純然たる誠実に告ぐ | ナノ

ロビーの柔らかいソファに腰掛けて、二階堂は反対側に座れと承太郎にあごで指図した。承太郎が渋々腰掛けると、二階堂は今一度ユノーに目配せする。近くに誰がいるのかを探るために、ユノーは無色透明に輪郭を薄めると、やがて影の中に溶けていった。二階堂は無表情のまま承太郎に目を合わせる。承太郎はこの赤い瞳を苦手だと思ったことはないが、しかし得意だとも思わない。何を考えているのかわからない能面の様な表情の裏で画策していることなど、承太郎には分かる筈もなかった。しかしそれでも、承太郎が知る限りでの"二階堂要"という人間には、まるで相反するかの様な矛盾した意志が存在する。承太郎はその真相を知りたいと思っていたが、自分がそれに別段執着を抱く必要がないことも理解している。目を臥したまま、静かに口を開くのを眺めていた。その声に苛立は含まれてはいなかった。

「で?それは、いつ聞いた」
「シンガポールに向かう途中の、船の上で、だ」
「その時、花京院はその場にいたのか」

二階堂の問いかけに、承太郎は静かに頷く。二階堂の表情が僅かに歪んだのを見て、承太郎はぴくりと眉を動かした。承太郎が口を開きかけると、二階堂はすかさずそれを遮る。あくまで彼女は自分主導に話を進めたいらしい。

「君は、今私の右手が上手く動かないということを、誰かに話しちゃあいないな?」
「ああ、そうだぜ」
「じゃあ…それは、誰にも言わないでくれ」
「ジジイにも、なのか」
「うん、それがいい」
「どうして隠すんだ」
「君は十分知ってるだろう?あいつらは私のこととなると、いささか過保護だ」

私はそんなにやわじゃあないさ。二階堂はすこし冗談めかして言ったつもりだったが、承太郎の目の色が全く変化の兆しを見せないのには若干ため息をつきたくなって、膝の上で指を編む。

「ラッポラから何を聞いたのかは知らないけれど、とにかくあいつはろくな男じゃあないんだ。君が信頼するに値しない」
「テメエは信頼してないのか」
「彼の仕事っぷりには敬意を表する。ただね、空条承太郎。君はあいつから私について色々聞いたかもしれないけれど、その情報源にある、あいつに関してはほとんど何も知らないだろう」
「鵜呑みにするな、と言いたいのか」
「わかってるじゃあないか」

二階堂は背もたれに体を預けてシニカルに口角を上げた。

「ジョジョも花京院も知らないことを、確かにラッポラは知っている。けれどそれは、君が思っているよりもろくでもないことさ」
「……だろうな」

承太郎はため息に似たような息を吐いてから、呆れの混じったような声で返答した。二階堂は唇の端を持ち上げて、ニヒルに笑うような表情を作る。

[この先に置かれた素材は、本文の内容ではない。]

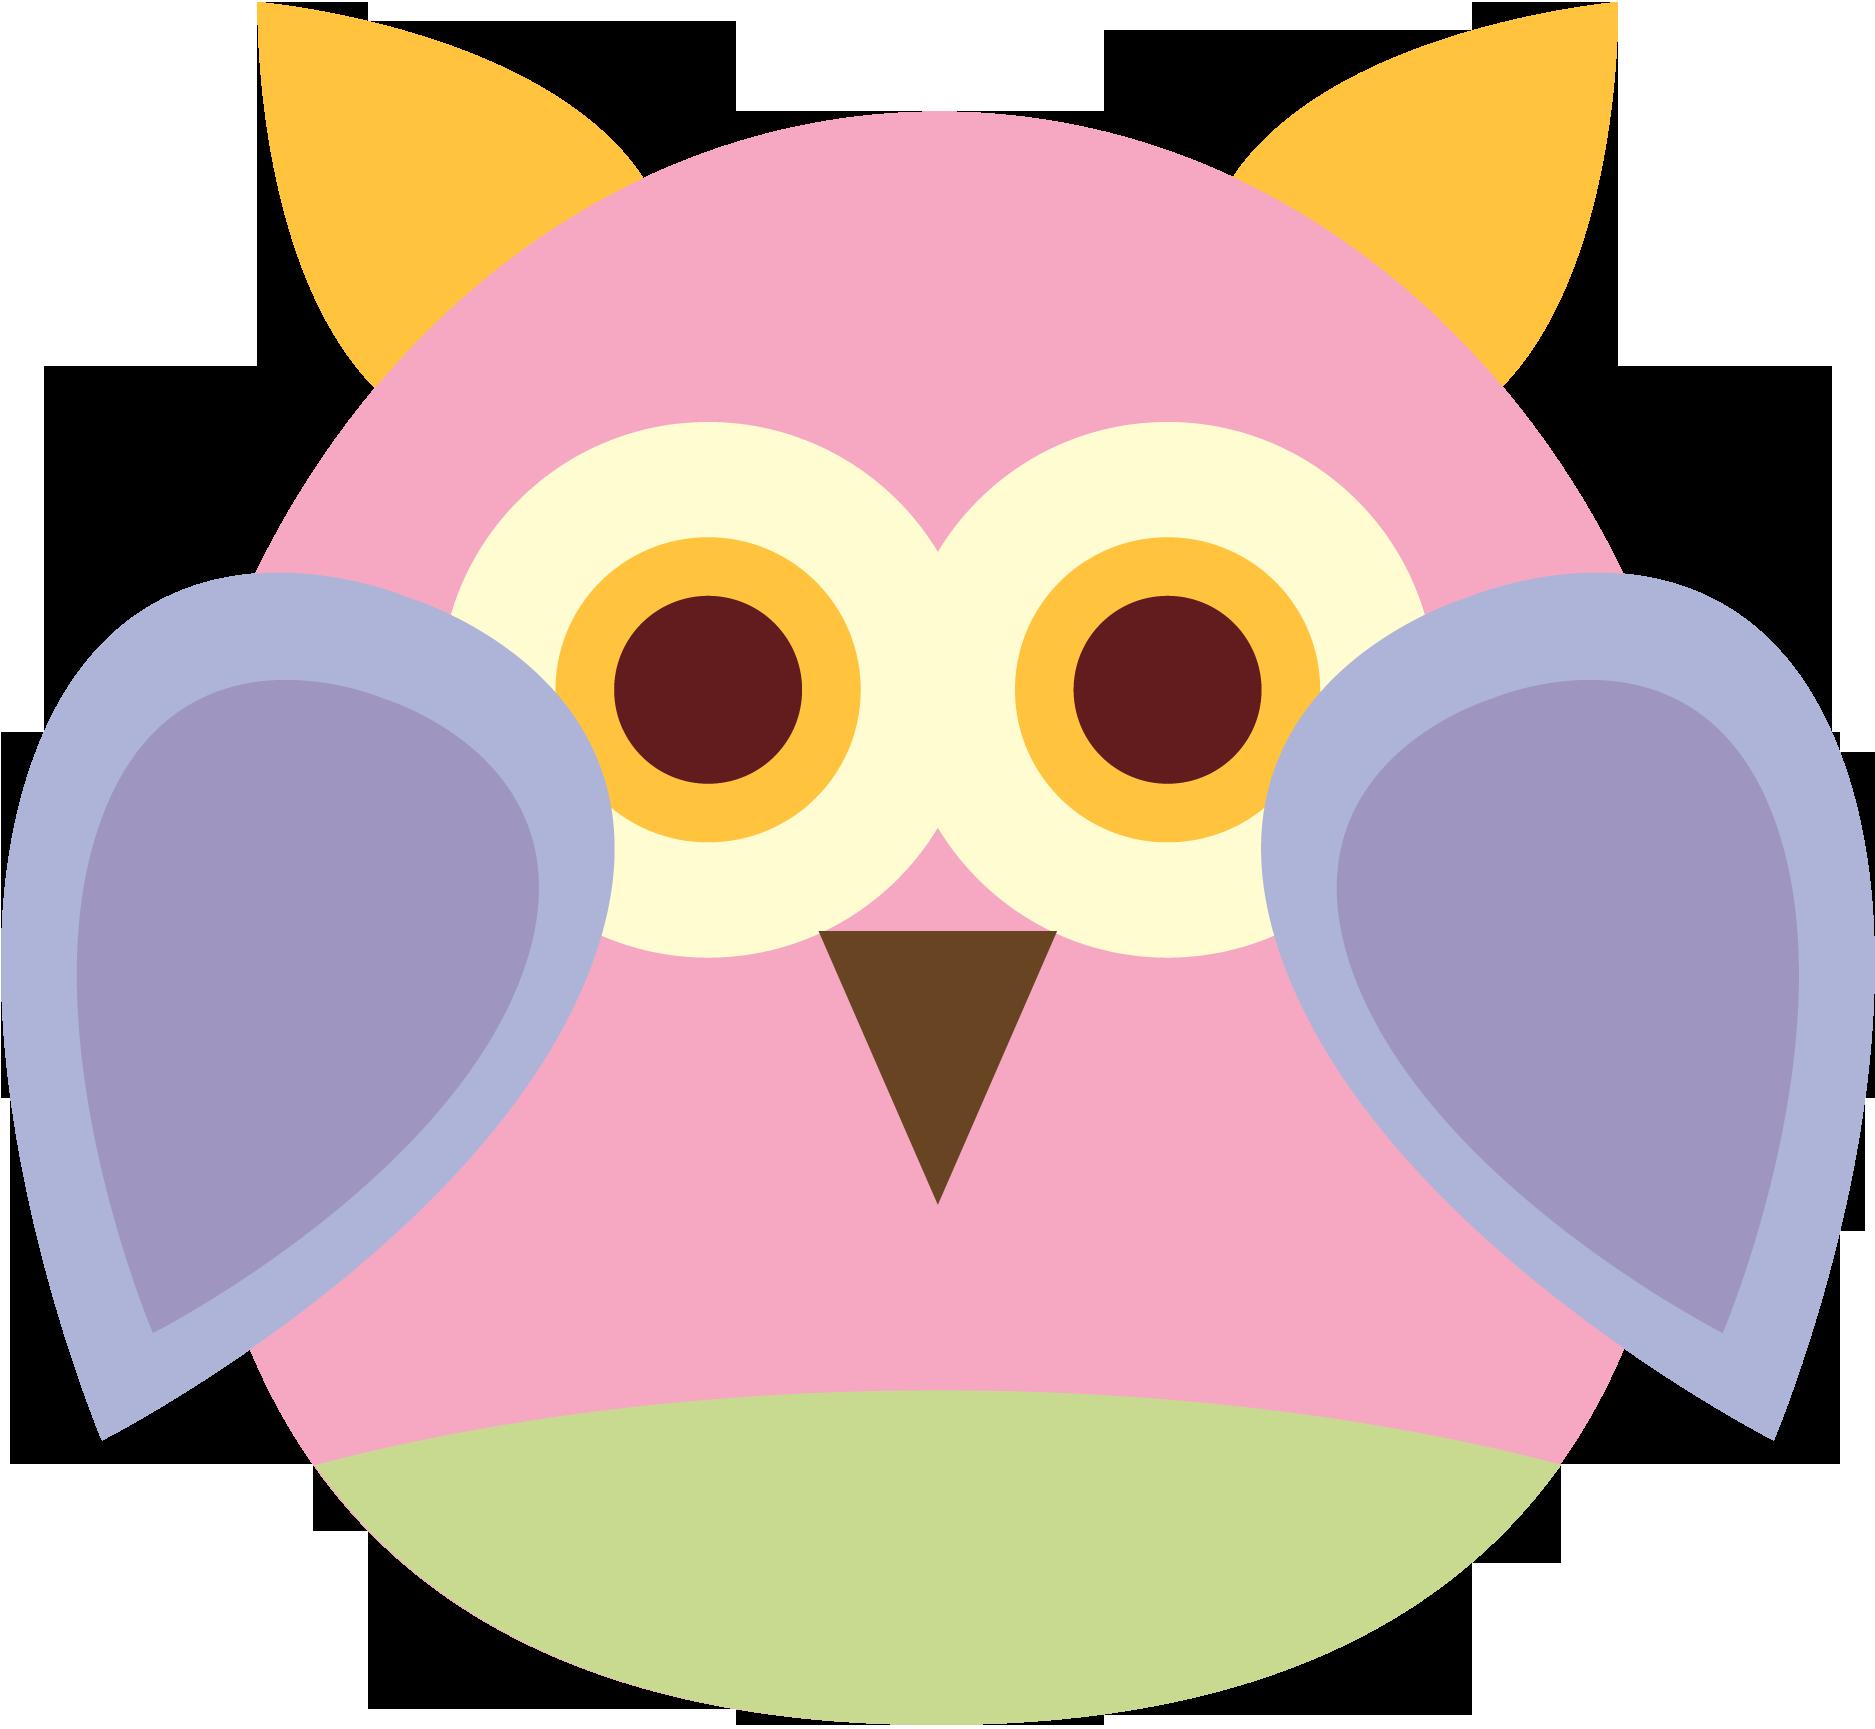 Thank You Owl Clip Art   Clipart Library-Thank You Owl Clip Art   Clipart library - Free Clipart Images-19

「あいつに関してドン引きするようなことがあったとみるが、それ以上にあいつはただの変態だ」
「だがそれと、俺が言いたいことは違う」

ぴくりと右眉を持ち上げた二階堂に瞬きをひとつ落として、承太郎は言葉を続けた。

「いくら否定しようと、テメェは、テメェが思っている以上に、手や足が早く出るという癖を持っているぜ」
「……事実無根だと、何度も言わせないでくれ。それともなんだ?心配でもしているつもりか?笑わせるな」
「それがいずれテメエの首を絞めることになるかもな、というだけだ」
「無駄な心配りを、どうも。それから今朝の銃声は、君が思ってるような、敵に襲われたとかいう戦闘じゃあないぜ。ラッポラがよこしたガンブレードを試していただけだ」

もっとも、反動が酷すぎて、まだ使い物にはならないけれど、と、二階堂はため息まじりに呟く。承太郎は少し目を見開いて、瞬きを数度してみせた。実のところ、承太郎は二階堂の発言をこれっぽっちも信頼してはいなかった。おそらく一行の知らぬ間に戦闘になり負傷したものと決めつけていたが、「嘘は嫌いだ」と、二階堂は承太郎の目を見て言い放つ。紅い双眸の意志は真っ直ぐで、どうやら彼女の言葉に嘘はないらしい。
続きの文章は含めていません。